Historians have long known that Mary Todd Lincoln lobbied for release and grew increasingly incensed at Robert for having her sent to Batavia. But the letters add new detail.
They show her questioning her religion, pleading for assistance from friends and furiously denouncing Robert, according to Emerson, who is writing the book.
In the end, Lincoln’s efforts succeeded. She marshaled the support of powerful friends, who helped her gain release Sept. 10, 1875. After leaving Bellevue, Lincoln moved to Springfield to live with her sister. She traveled for a time in Europe, and eventually returned again to Springfield, where she died July 16, 1882. She was 62.
Today visitors to Batavia’s Depot Museum can see the bed and dresser Lincoln reportedly used at Bellevue, or flip through a transcript of the hospital ledger that includes notes on Lincoln’s moods and activities.
(A notation from May 20, 1875: “Case is one of mental impairment which probably dates back to the murder of President Lincoln — More pronounced since the death of her son, but especially aggravated during the last 2 months.)
Residents at Bellevue Place point to two second-story windows that mark the rooms where Lincoln is believed to have stayed.
The space is now apartment 2A. The current resident is Chris Johnson, a 56-year-old real estate agent. Johnson sometimes looks out his window and thinks of the former first lady. “I wonder, `Maybe she enjoyed the sparrows,'” Johnson said.
A plaque marks the spot
The building is set back from the main road and marked with a plaque in the front garden and a small brown sign on U.S. Highway 31. Though the sprawling grounds have been sold for condominiums and housing, there is still a garden out front, carefully clipped hedges lining the front walk and lilies blooming by the front door. On a recent day, a white butterfly flitted along the hedge and a black cat ambled across the yard.
Residents hope that Lincoln found comfort at Bellevue.
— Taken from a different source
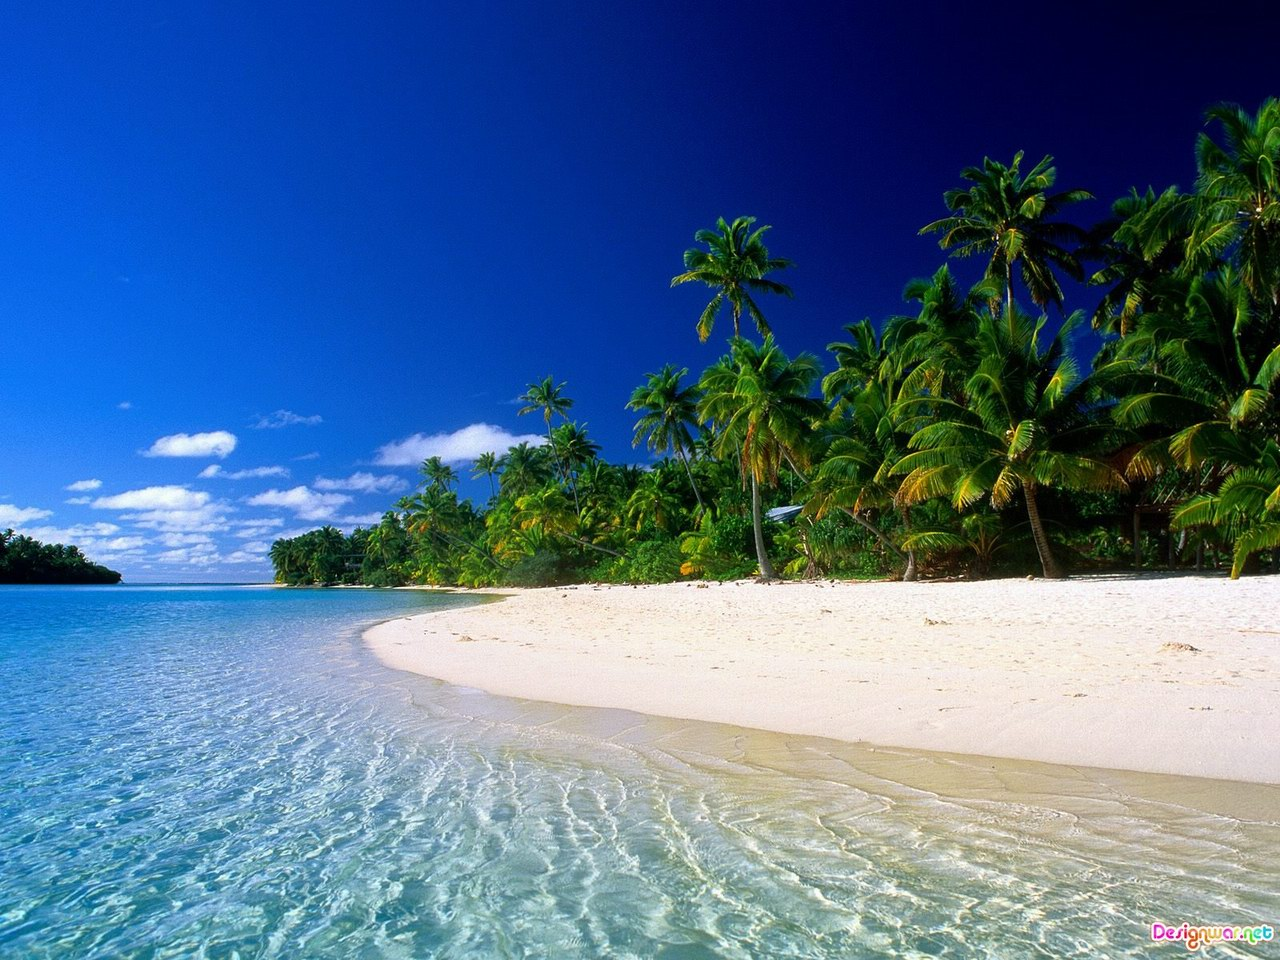 Tropical Beach hd Wallpaper High Quality WallpapersWallpaper 1280x960
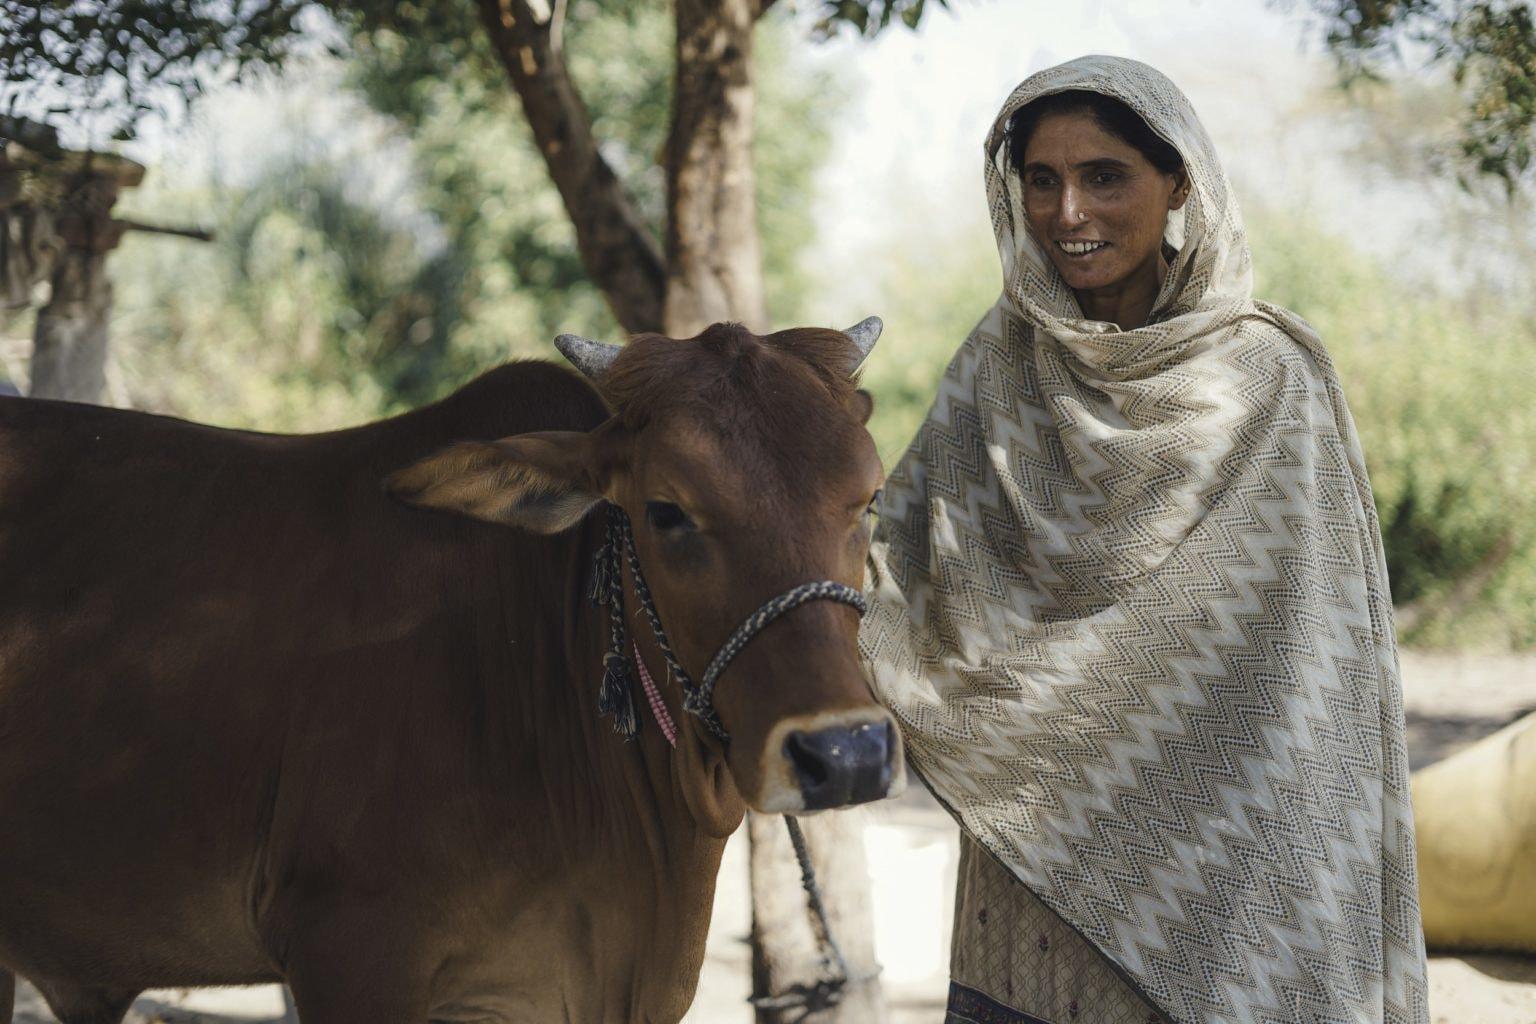 Rizwana Solangi, a farmer, in her village Qasim Solangi, district Hyderabad. — Photo by Manoj Genani

“I’ve always had a warm sense that the women who were there were sitting out under trees and being tended to and drinking tea,” said Broecker, the former owner. “I would think back and wonder, `When she left, did she feel better?'”
Mary Todd Lincoln has long been a complex and controversial figure. She was hot-tempered and high-strung, an unpopular first lady who was criticized for excessive spending sprees and the lavish parties she threw during the Civil War.
But time has lent perspective. Lincoln had lived through multiple tragedies; three of her four sons died before reaching full adulthood, and she was at her husband’s side when he was assassinated April 14, 1865.
Historians have long argued about Lincoln’s sanity. Some believe she suffered from serious mental illness. Others argue that she was the victim of an unloving son, who sent her to an asylum to gain control of her money.
“Was she really crazy? I don’t think so,” Dottie Fletcher, 51, of apartment 1B. “Did she have a nervous breakdown? Probably.” As for the letters, Fletcher said: “I can’t wait to see them.”